User type 2: I am unsure what support services will help me live an independent life
This user group wanted guidance on what support services can help them achieve their support goal without lot of thinking from their end.
Conduct ideation workshop
After having a clear idea of the user pain points, I conducted an ideation workshop with the team to brainstorm on different high level solutions.
High level solution
I worked on high-level concepts, i.e. to simplify the lengthy job post process by allowing users to write down their support goals or upload their support plan.
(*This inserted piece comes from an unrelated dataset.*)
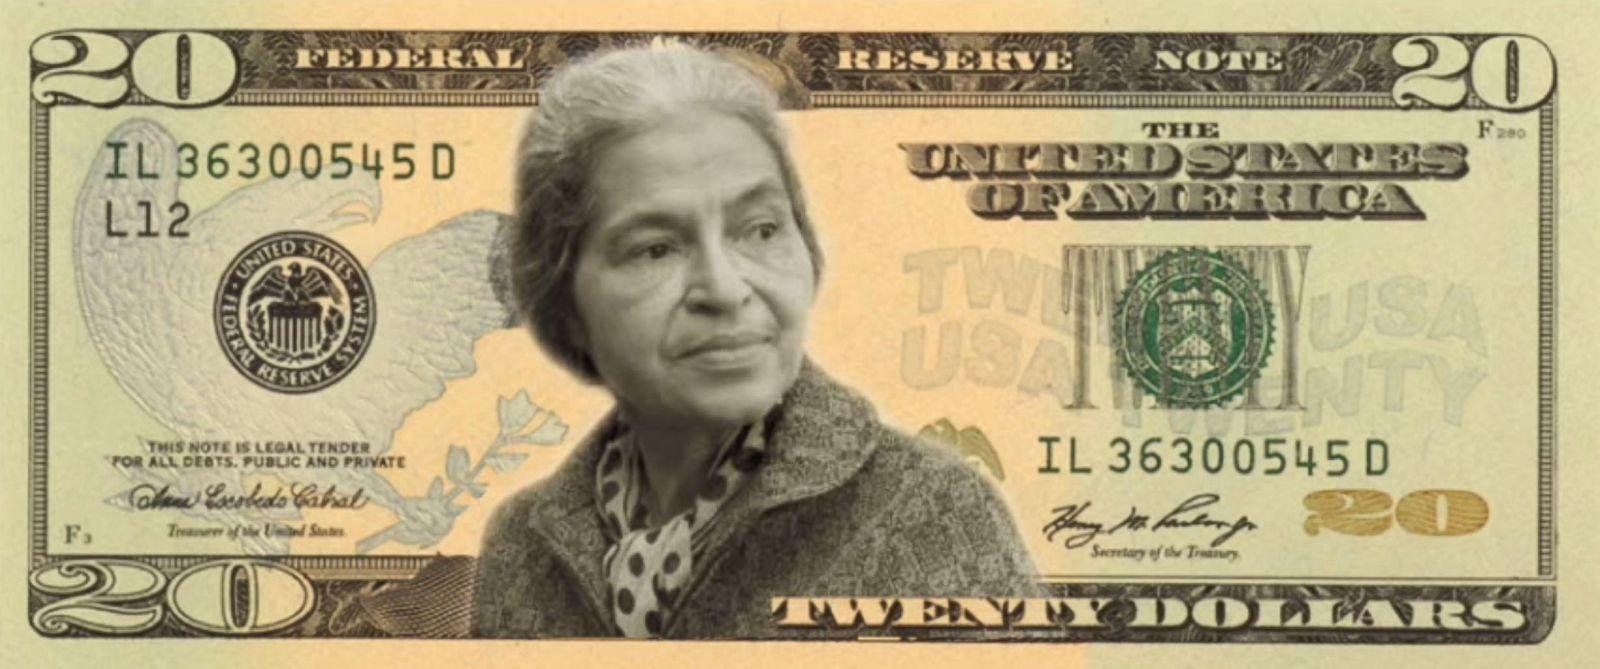 Rosa Parks Twenty Dollars Picture

Using AI we recommend a support plan, which users can fully adopt, modify or choose to create their own plan. I shared these concepts with stakeholders and gathered feedback.
MVP release (Beta version)
I collaborated with the PM and engineering team to divide the solution into different releases. For the beta version, I designed a solution where we are recommending different support plans with minimal customisation. We released it with a small group of users.
Beta version
Study Data
Study Data
I worked with the data analysts and was monitoring the user interactions through Datadog, Tableau and Amplitude. Based on the data I worked on various iterations to improve the experience of the Beta version then worked towards the final solution.
Final designs
After various iteration and releases, here are some final designs of the new job post process. I followed the Mable design system while creating prototypes.
Measure
Success
Our key metric was to increase the number of jobs per client in a single session. After multiple releases, now 70% of the clients who are coming into the flow are posting more than 1 job in a single session. Also, the form completion time has reduced from 1 -3 hours to just few minutes. We achieved this by following the human centered designing process and rapid iterations by closely monitoring the data and feedback.